Title: Is it "fascist" to believe a state can belong to a specific people?
Host: Haviv Rettig Gur
Date: February 15, 2026
This episode tackles the provocative and often misunderstood question: "Is it fascist for a state to belong to a specific people?" Haviv Rettig Gur discusses the historical, political, and emotional weight of national self-determination, challenging Twitter-borne simplifications and contrasting the realities of ethnic or national states versus civic democracies. Using the Israeli-Palestinian conflict as his canvas, he explores whether a shared civic state is feasible or if two states remain the only practical path. The episode is a deep dive into identity, statehood, and the lived trauma that shapes political realities.
"The idea that a state can belong to a people... That is not a fascist idea. That is not historically what fascists argued. That is in fact Woodrow Wilson’s idea of self-determination. That is what Palestinians are asking for."
— Haviv Rettig Gur [00:05]
"Most Democracies are not civic democracies modeled on America. Most democracies are national or ethnic democracies and... have some kind or version of law of return."
— Haviv Rettig Gur [03:34]
Posing the “One State” Solution (06:42)
"Each side... is absolutely convinced the other side wants to destroy it. And each side has an endless array of data points, just volumes of data points proving its case."
— Haviv Rettig Gur [09:16]
Hurdle #2: Distrust of Models (12:05)
"We have a model of Belgium where they live together mostly bloodlessly... But we also have other models. We have the model of Lebanon... Yugoslavia, Bosnia."
— Haviv Rettig Gur [12:34]
"The Jews who didn’t get in by the time... immigration was closed... went through all the horrors and they became Israelis and the horrors stopped and the death stopped when they had self-determination, when they had self-reliance."
— Haviv Rettig Gur [15:15]
"If a lot of voters suddenly demand massive redistribution to the point of a gutting of the productive middle class of Israel... what kind of tensions, what kind of social unrest, what kind of collapse are you actually building?"

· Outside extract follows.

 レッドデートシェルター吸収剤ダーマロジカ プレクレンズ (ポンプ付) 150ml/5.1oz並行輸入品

— Haviv Rettig Gur [19:54]
"The kind of reconciliation you have to create as a precondition for one state having any chance to actually work... is so deep, is so profound that 10% of the way you’ve already achieved enough reconciliation for two states."

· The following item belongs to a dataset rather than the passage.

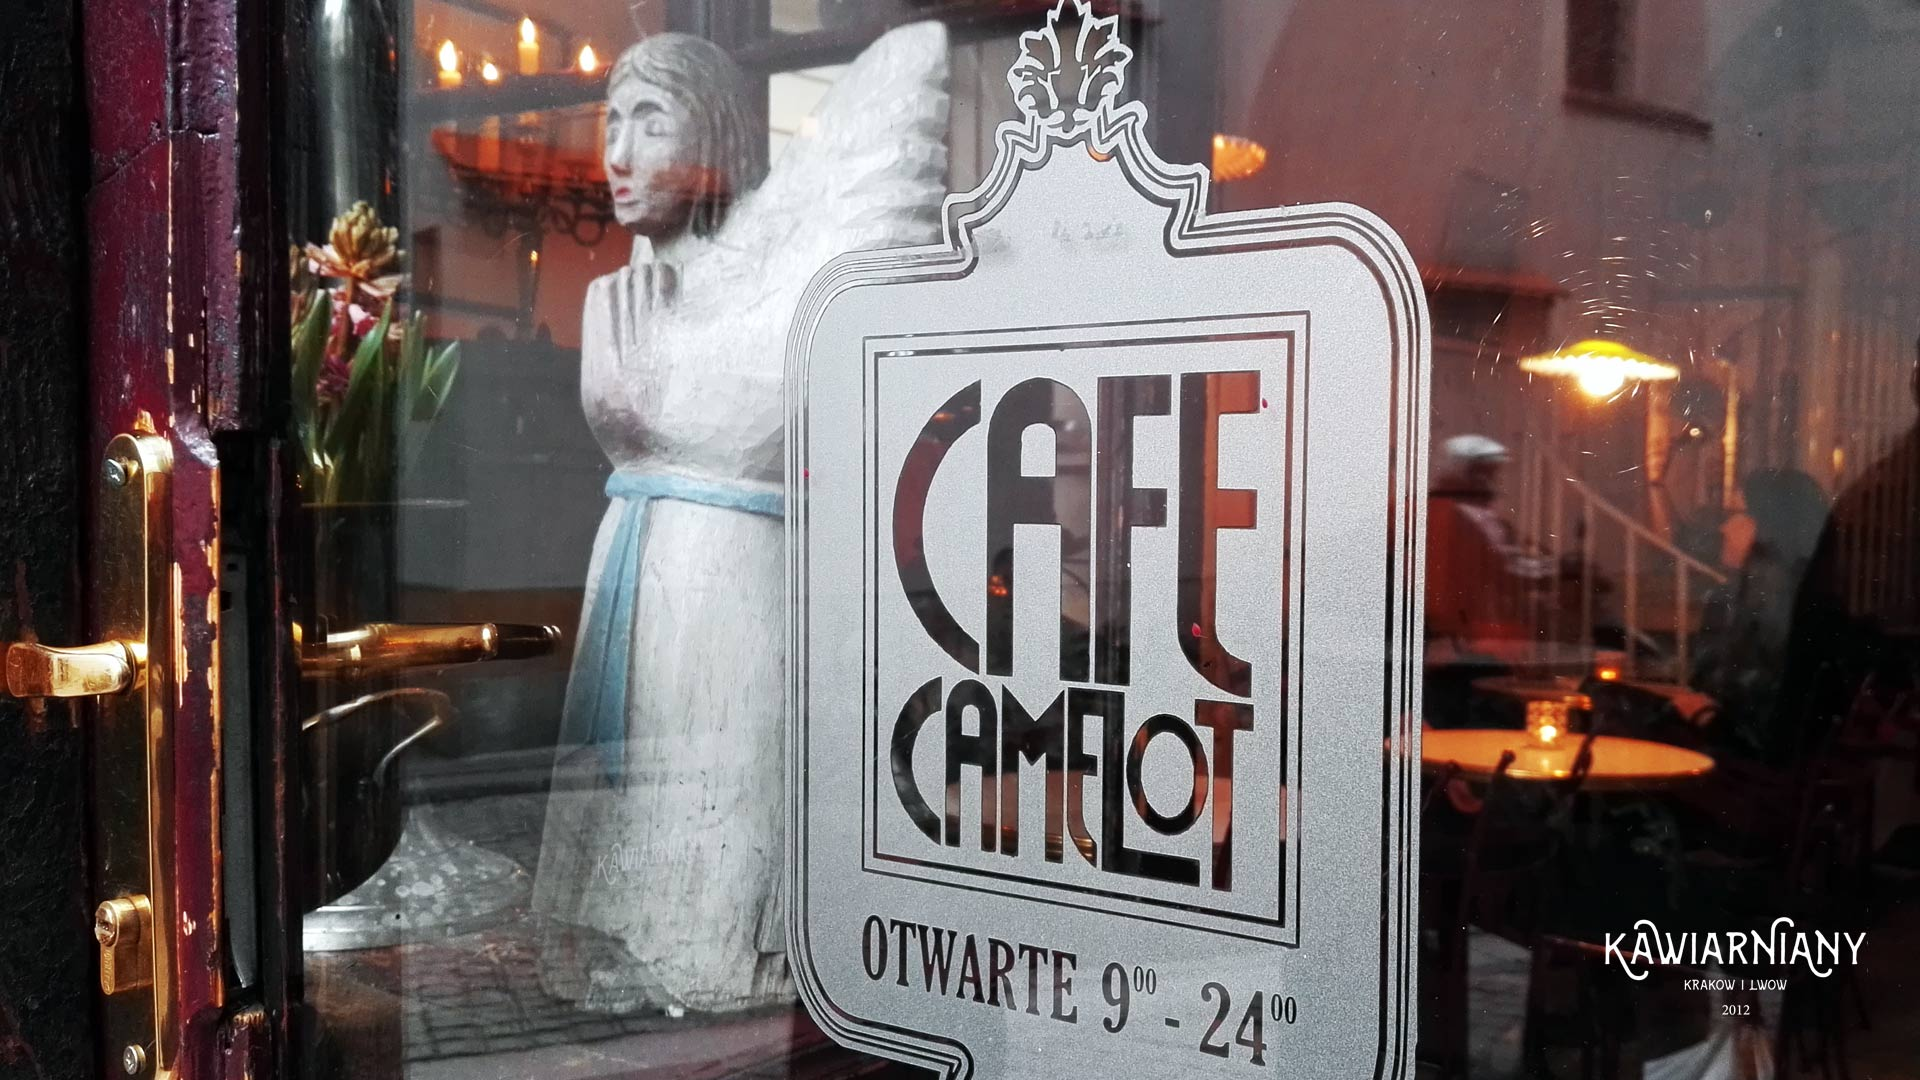 Kawiarnia Cafe Camelot w Krakowie

— Haviv Rettig Gur [24:12]
Practical Benefits
"Palestinians can choose their own path... they can integrate profoundly, deeply into the Israeli economy... A Palestine where you force the people together... is a Palestinian situation that is far worse."
— Haviv Rettig Gur [27:44]
Mutual Security (31:21)
"One state is a fantasy of foreigners who don’t know the historical experiences, the identities, the narratives, what we think of each other and why."
— Haviv Rettig Gur [36:12]
On Self-Determination and “Fascism”:
“The very idea that self determination, that a state for a nation is a fascist idea is something that only really works as a tweet.”
— Haviv Rettig Gur [01:08]
On Prospects for a One-State Model:
“Between here and Belgium is a marathon. A marathon nobody here wants to run.”
— Haviv Rettig Gur [32:54]
Final Take:
“One state isn’t a solution to the big problems that afflict us, and two states still is. Nobody knows how to get there, but nobody has yet offered a better answer. And that’s my answer.”
— Haviv Rettig Gur [36:27]
Haviv’s discussion is thoughtful, layered with empathy for both peoples, but unsparing in its realism. His tone is passionate but rational, critical of armchair theorizing detached from the experiences of those who live the conflict daily. The mood alternates between historical overview, biting critique, and grounded hope for practical solutions.
Summary:
Haviv answers a deeply contentious question with nuance: national self-determination is not fascist. He argues that for Israelis and Palestinians, the one-state solution remains an emotionally, politically, and historically unworkable fantasy—one that both communities themselves largely reject. Real security, dignity, and reconciliation—however challenging—lie in two sovereign states. No one has found a better answer yet.